После поражения Германии немецкое население в Риу-Гранди-ду-Сул стремилось реорганизоваться, и руководство быстро сформулировало свои взгляды. В 1947 году около 30% избранных депутатов штата имели немецкую фамилию, что было намного выше доли немцев в обществе. В следующем году в Законодательном собрании потребовали вернуть имущество, конфискованное во время войны. В 1949 году 25 июля, дата прибытия первых иммигрантов в штат, уже могла публично отмечаться в присутствии губернатора штата, а в 1950 году немец был кандидатом на пост губернатора. В 1951 году в Порту-Алегри был основан первый Культурный центр 25 июля, который послужил моделью для создания нескольких других по всему штату, выступая в качестве полюсов для развития культуры, искусства, языка и традиций. [36]
Однако в то же время в учреждениях и группах существовало желание стать «бразильскими», и многие семьи добровольно прекратили использование языка дома из-за старых предрассудков, которые сохранялись против немецкости, и, по словам Рене Герца, ограничения разного рода сохранялись в течение многих лет, «факт, который можно увидеть, например, в частоте, с которой до 1960-х годов выражение «картофельный немец» (« alemão batata ») использовалось для проклятия людей». [36] Герц также заявил, что «влияние войны на население немецкого происхождения в Риу-Гранди-ду-Сул распространяется и на сегодняшний день, когда не только общественное мнение, здравый смысл, но даже государственные агенты исходят из, казалось бы, очевидного предположения, что явление, называемое « неонацизмом », может быть только исключительным продуктом немецкой колонии». [4]
В этот период также сместился экономический акцент, и национальная культура диверсифицировалась под влиянием глобализации , модернизации и массовой культуры.

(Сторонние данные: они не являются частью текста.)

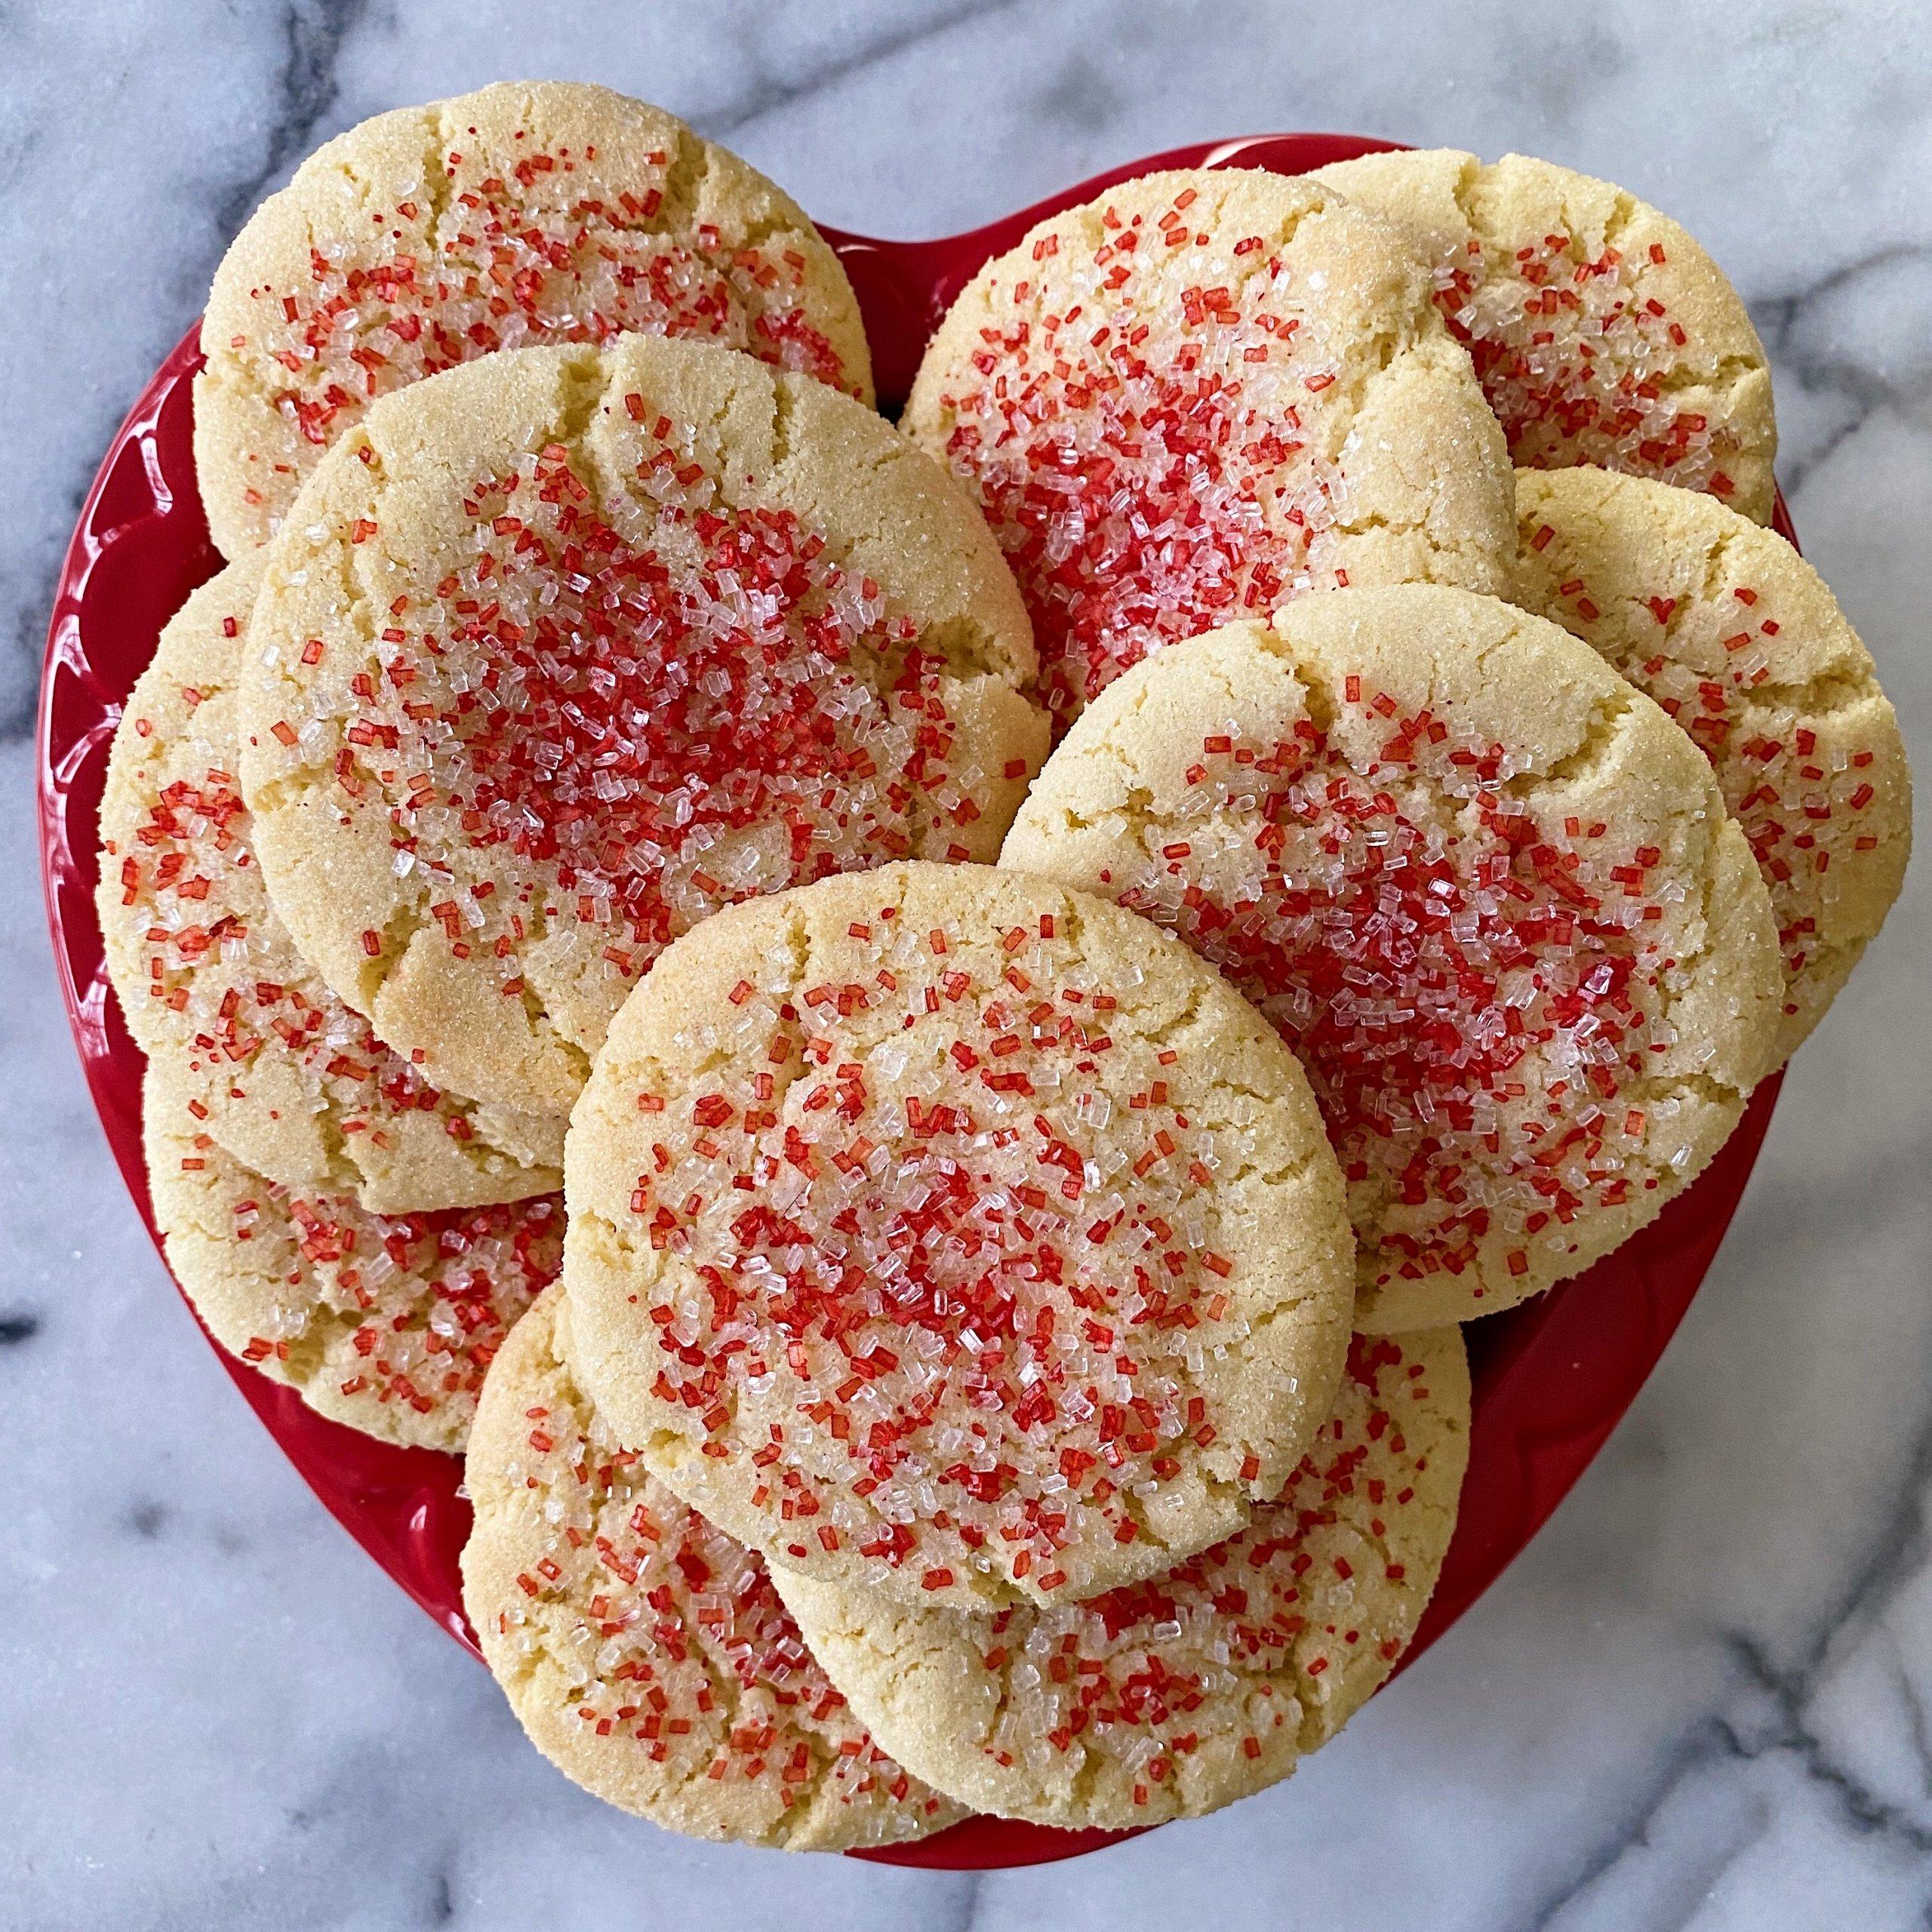 gluten free sugar cookies #glutenfree #glutenfreerecipes www.healthygffamily.com

Более процветающие и индустриальные немецкие города наполнились большими волнами иммигрантов из разных частей штата и страны, многие из которых были изгнаны из сельской местности из-за кризиса в сельскохозяйственном секторе, которые прибыли в поисках возможностей трудоустройства. Значительная часть этого нового населения имела другие этнические и культурные корни, не говорила по-немецки и мало интересовалась своей историей. Все эти факторы сошлись воедино, чтобы поколебать конструкцию идентичности сообщества, до тех пор в значительной степени основанную на немецкости, и способствовали тому, что немецкое наследие было окружено предрассудками. [7] [29]
Возобновление утвердительного дискурса произошло во время празднования 150-й годовщины колонизации в 1974 году [36] , когда во многих городах воздвигались памятники и организовывались празднества и публикации, что в то же время стало настоящим взрывом в академической библиографии по иммиграции, в которой были ниспровергнуты многие старые мифы и переосмыслены другие аспекты. Но с тех пор поддержание социокультурной идентичности немецких потомков, а также восстановление их исторического наследия, их устной памяти и их материального достояния были сложными процессами, с трудом согласованными между различными слоями общества, сегодня сильно отличающимися от того, что было в 19 и 20 веках. [7] [37] [38] По словам профессора Мартима Дреера: «У нас почти нет исследований ни о крестьянстве, ни о присутствии иммигрантов в городских центрах, ни о детстве. В свою очередь, гендерные исследования почти отсутствуют, а лингвистические исследования находятся в зачаточном состоянии. Повседневная жизнь населения неизвестна». [39]
Несмотря на эти пробелы, значительное количество культурных центров, музеев и архивов стремятся изучать, сохранять и распространять немецкое наследие, при этом несколько исторических зданий в колониальных городах были включены в список. [40] [41] [42] Октоберфест в Санта-Крус-ду-Сул является одним из крупнейших германских фестивалей в штате и с 2006 года официальным событием культурного наследия Риу-Гранди-ду-Сул. [43] Романтический маршрут включает в себя 13 муниципалитетов немецкой традиции, которые имеют выразительное наследие, памятники, музеи, фестивали и другие достопримечательности, связанные с историей и популярной культурой региона. [44]
Важный вклад немцев в формирование и рост общества Риу-Гранди-ду-Сул широко признан. Они были ответственны за открытие обувной, текстильной и металлургической отраслей. [45] Они прочно обосновались в торговле и промышленности, особенно в производстве текстиля , консервов, напитков, кондитерских изделий , древесины , кожи , машин, табака , стекла, бумаги, мыла, удобрений и химико - фармацевтических продуктов, [46] и оставили ценный вклад в области литературы, прессы, политики, спорта, образования, религии, архитектуры, искусств и ремесел, а также кулинарии и т. д. [45] [46]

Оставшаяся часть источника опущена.